L’un de nos points de divergence était justement ma nationalité. Après quelques semaines passées dans la capitale, il ne faisait plus aucun doute dans ma tête que je ne pouvais pas me déclarer Haïtienne. Au contraire, j’avais plus envie de me dissocier de ce peuple que d’en faire partie. Le désordre généralisé dans lequel se trouve le pays, le manque de civisme des citoyens dans les rues, cette façon que les commerçants avaient de m’escroquer impudiquement parce qu’on supposait que j’avais plus d’argent que la moyenne, tout ça m’horripilait.

Pour mes collègues, animés d’un sentiment d’appartenance qui frise le fanatisme, c’était une trahison de dire que je me sentais plutôt Québécoise. Ils ne pouvaient pas comprendre que je ne sois pas habitée du même sentiment de fierté qu’eux, qui font partie de la première république noire à avoir acquis son indépendance. C’était en 1804. Moi, je vis en 2009. Et ça, c’était encore un point qui nous éloignait : ils vivent continuellement dans l’orgueil des gloires du passé, alors que les défis du présent m’importent plus.

Mes parents

D’ailleurs, c’est justement ce même passé qui est à la base de la mentalité de mes parents, et c’est ce que j’ai compris lors de ce voyage. Dans mon jeune âge, ils ne faisaient qu’appliquer ce que leurs propres parents leur avaient appris. Mais ils avaient peut-être oublié que les choses avaient évolué depuis, et que mon environnement n’avait rien à voir avec le leur. C’est malheureusement le cas de beaucoup de parents immigrants.

L’une des mesures disciplinaires prisées par mes parents était de m’empêcher de sortir, comme pour aller au parc avec ma sœur ou au cinéma avec mes amis. Selon leur façon de voir les choses, «l’extérieur» est une sorte de jungle où on peut facilement être amené à sortir du droit chemin, où les influences néfastes pullulent. Ce raisonnement qui m’emprisonnait a donné lieu à des scènes familiales orageuses dans notre foyer. Pour moi, l’extérieur est plutôt un lieu de découvertes. Mais en Haïti, j’ai bien vu que la mentalité de mes parents prévaut encore, parce que les sorties des enfants sont très limitées, et pour les mêmes raisons que naguère…
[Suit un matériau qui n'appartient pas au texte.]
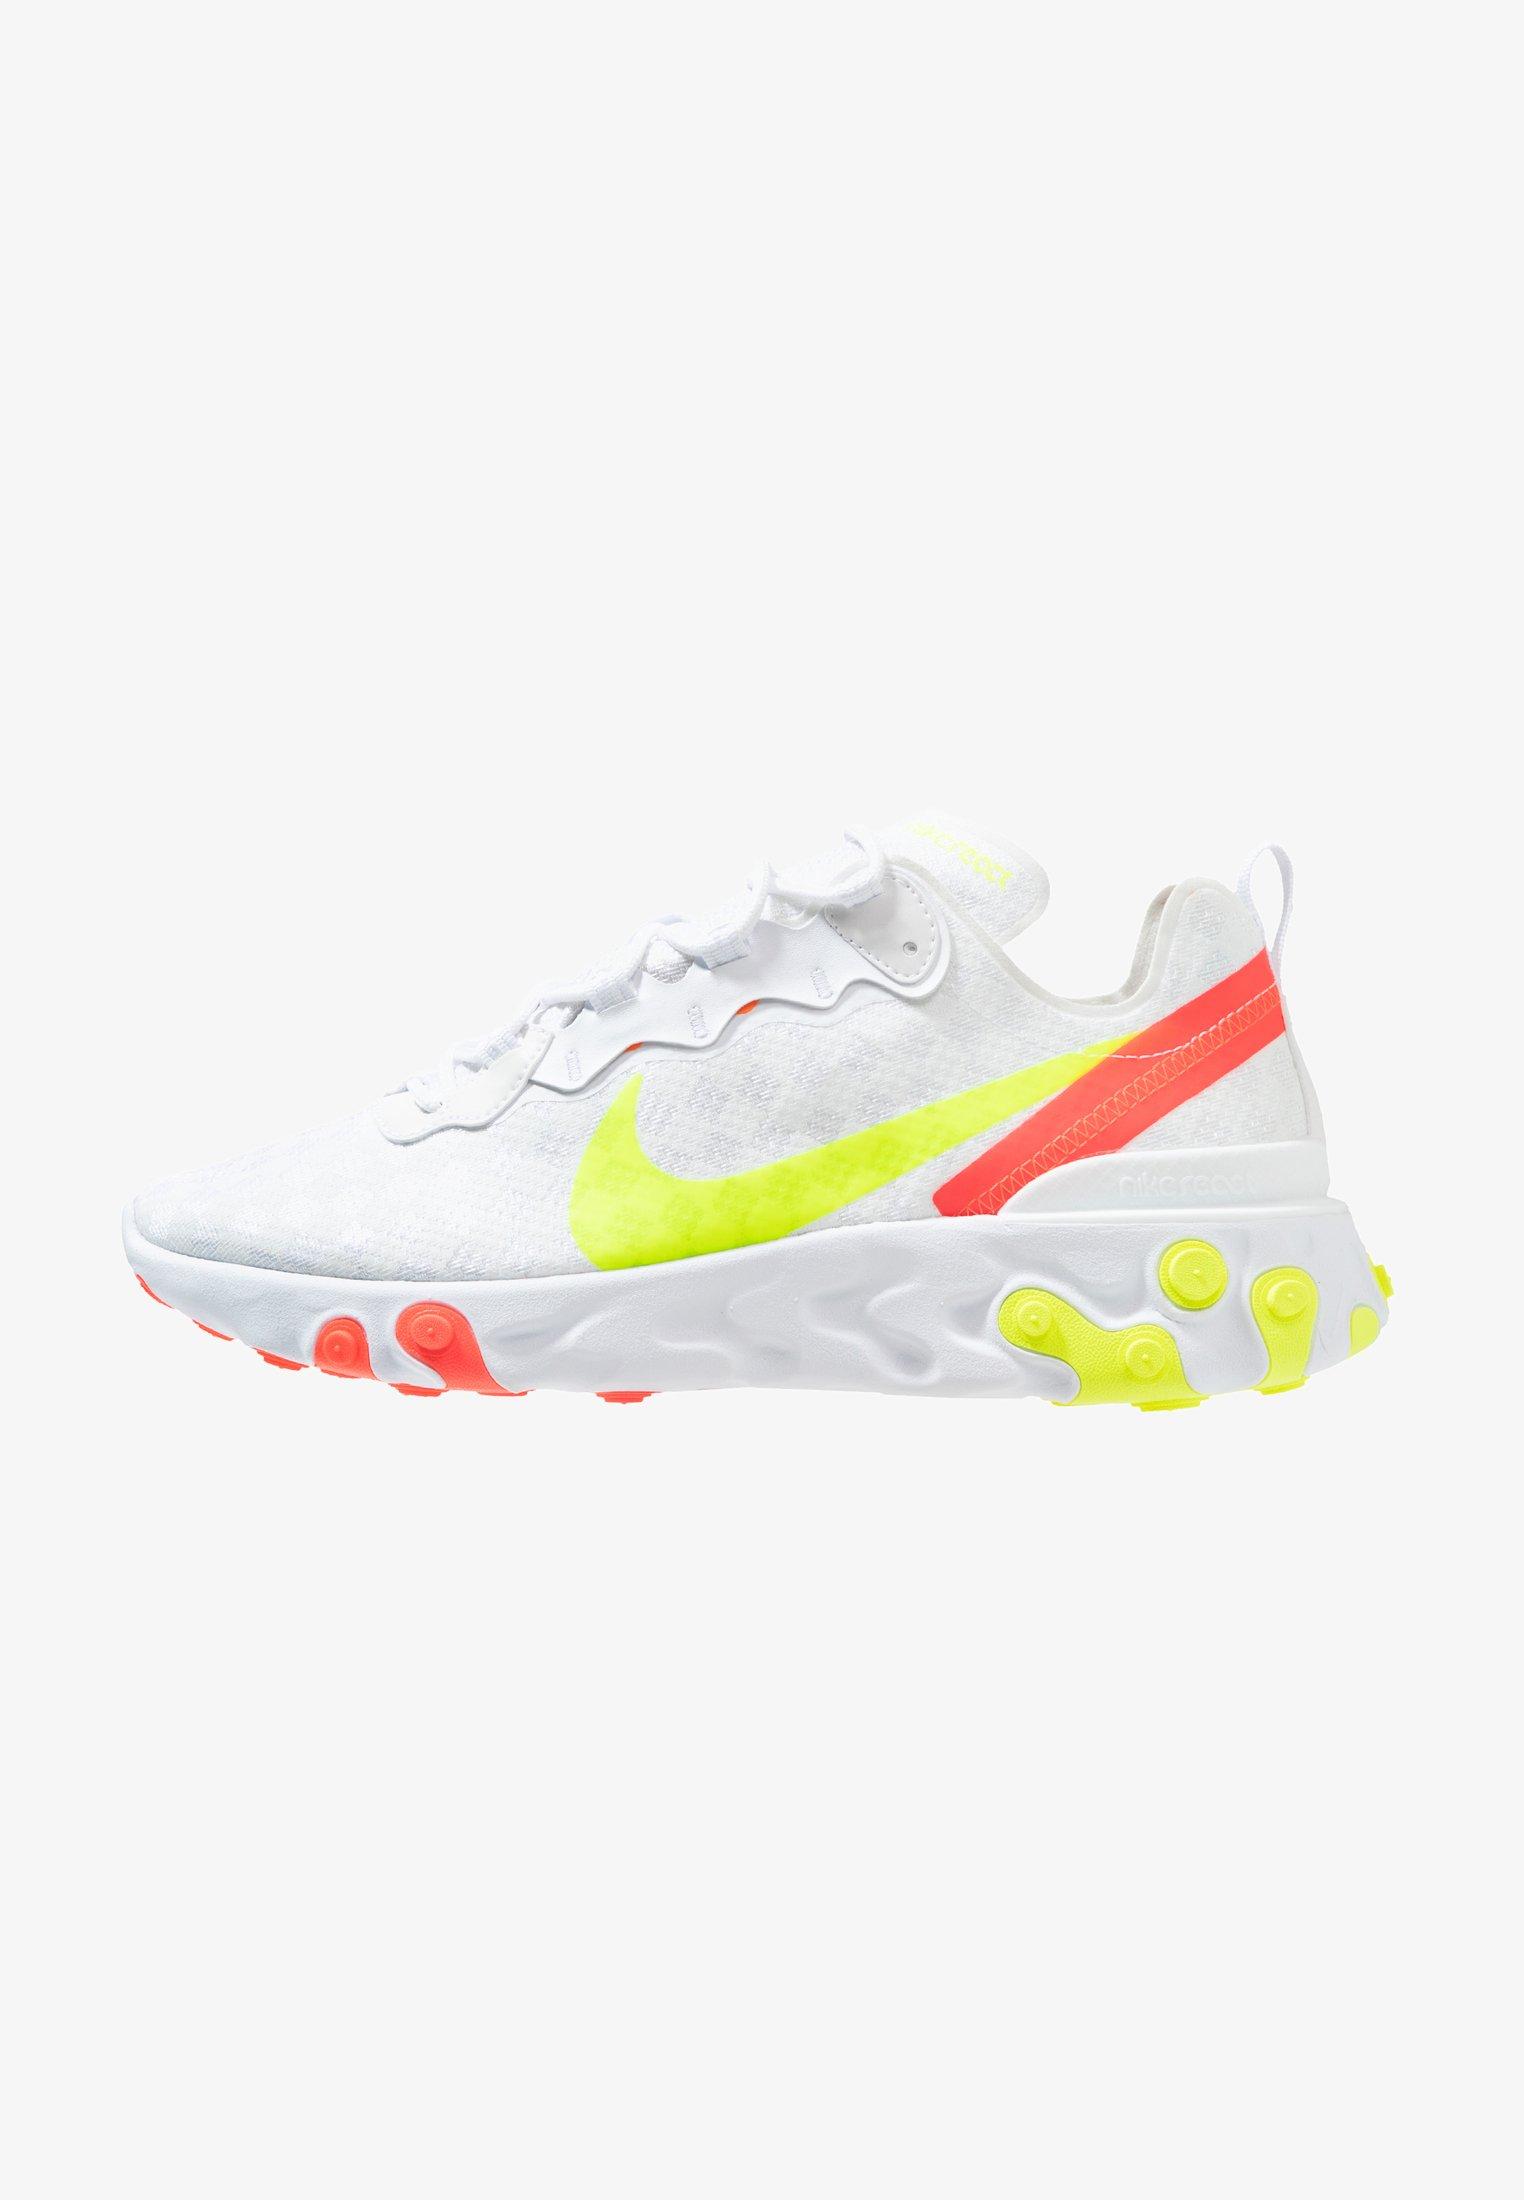 Dirigir Detectable deseable  Nike Sportswear REACT ELEMENT 55 - Trainers - white/volt/flash  crimson/hyper crimson/white - Zalando.co.uk

Mais j’ai aussi fait une merveilleuse découverte à propos de mes parents. Avant d’avoir visité la campagne où ils ont grandi, je ne me suis jamais intéressée à leur émigration vers le Canada. Aujourd’hui, je réalise plus que jamais le courage qu’ils ont eu de partir de si loin uniquement pour offrir un meilleur avenir à leurs enfants. Une campagne où les commodités modernes n’existent pas, où la pauvreté sévit, où les espoirs se sont depuis belle lurette envolés. Mes parents se sont tenus debout, et ont franchi toutes les frontières pour atterrir à Montréal. Mon père est arrivé avec à peine 100 $ en poche, en 1972. Avec acharnement, il a travaillé pour rapatrier ma mère, en 1974. Tout ça, pour épargner leurs enfants d’une vie de misère.

Qui suis-je maintenant?

À 31 ans, je ne me demande plus qui je suis, mais bien ce que je veux être. Bien sûr, ça me fatigue et m’irrite qu’on me demande encore d’où je viens. Certes, ma relation avec mes parents n’est pas idyllique. Mais j’ai saisi le pourquoi de leur périple, et par le fait même, les raisons qui font de moi un mélange de deux cultures. Vous savez, j’aurais pu grandir en Haïti, j’aurais pu être coincée dans ce pays, j’aurais pu ne pas pouvoir rêver comme je le fais, j’aurais pu être condamnée à l’indigence. J’étais à deux doigts de cette vie-là.

En me faisant naître au Québec, mes parents m’ont donné toute une liberté. Après avoir passé six mois dans leur pays, je sais que le temps n’est plus au questionnement. En fait, l’unique désir que mes parents aient tenté de m’exprimer, souvent maladroitement, c’est celui de me voir profiter de ma vie au maximum, et d’exploiter tous mes atouts. Ils m’ont transplantée ici pour ça, pour m’offrir cette opportunité. Alors, maman et papa, je vous le jure que j’ai compris maintenant. Et ce que je veux être, c’est ce que vous avez fait de moi : une citoyenne du monde.